From cover to cover IMHO the stories in Songs of the Dying Earth are well worth adding to any good sci-fi/fantasy collection. I was lucky to get a hard cover first edition from Book Warehouse online and its a keeper for me.

MATT MORGAN Jul 24, 2013

This series caused me a lot of frustration. It gets on a lot of "best fantasy books" lists, and I can see why, but I struggled with it. It has all the pluses and minuses you're used to if you read a lot of fantasy. For example, some minuses:

1) need to move the story along? Create some unrealistic coincidence!

2) need to get the hero out of an impossible jam? Invent some new spell or magic power!

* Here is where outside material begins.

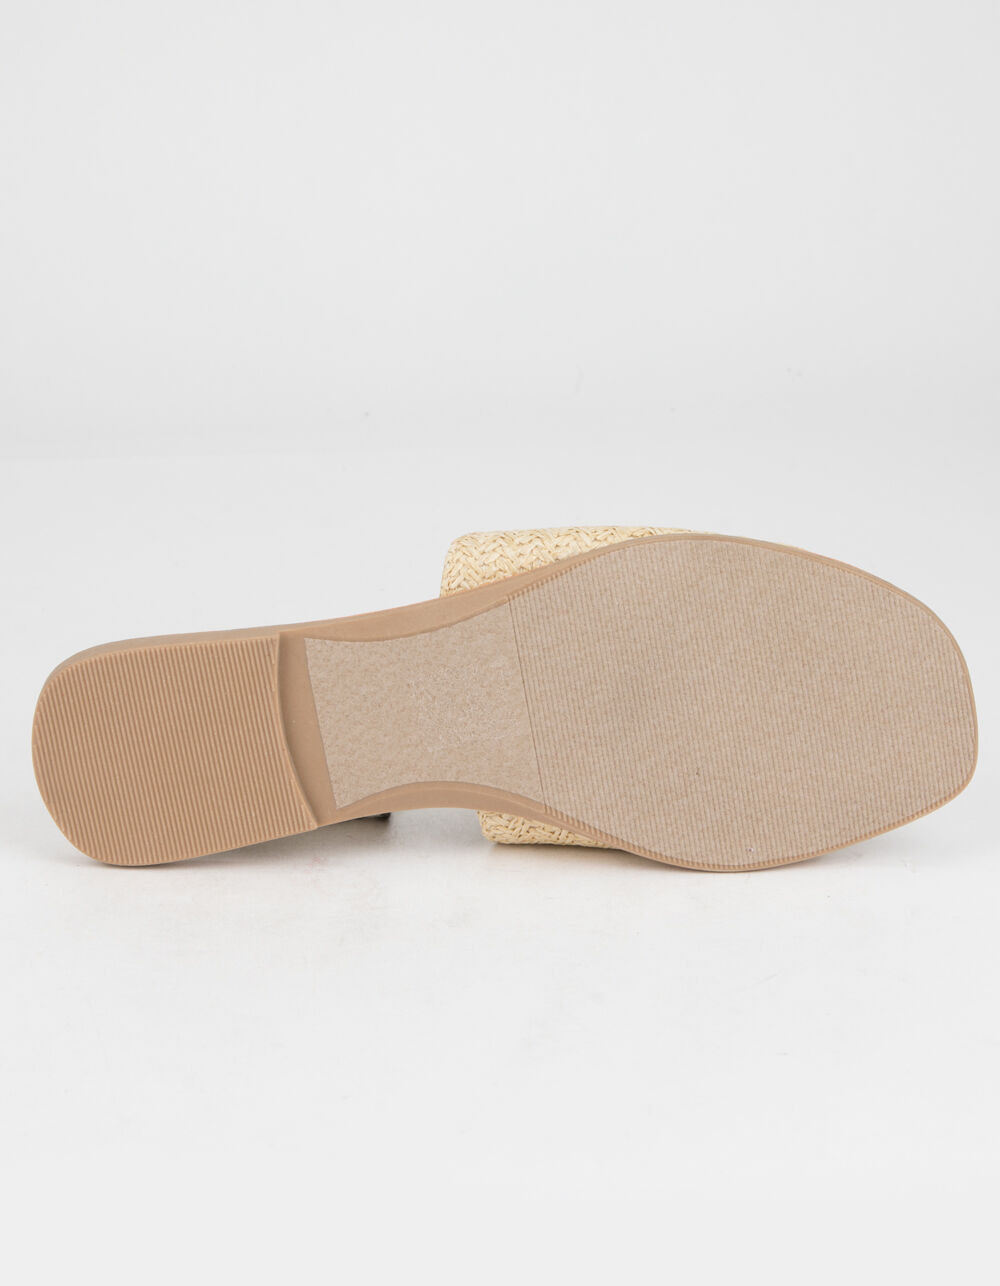 SODA Raffia Womens Sandals - NATURAL | Tillys

3) Want to create a sense of otherworldliness? Make up a new word for something that doesn't exist, and don't explain what it is!

4) Want to undermine the whole pretense that the people of this world are debauched and extravagant because the sun is about to blink out? Let most of the main characters travel time and space, so why would they even care!?

That said, if like a lot of people you read fantasy for that sense of otherworldliness, this series has it. I picked it up because its known to be some of the inspiration for the magic system in Dungeons and Dragons, and I did manage to finish it. If I knew ahead of time, though, I would have read only the first book, which is a series of barely-connected vignettes. It shows how the magic works and sets the tone for the world, without falling victim to most of the complaints I note above.

s
skylar2
Apr 28, 2013

This book starts out well, but the combination of overly-dense and overly-verbose writing quickly becomes tiresome. The books transition from a somewhat interesting plot with interesting characters, to a less interesting plot and totally unappealing characters, to both the plot and characters being completely unlikable. Vance takes the filibuster approach to writing, so even plot points that should be gripping are sleep-inducing.

To top it off, even though the book is supposedly about a dying Earth, there is no sign of it. Much as one might like it to come.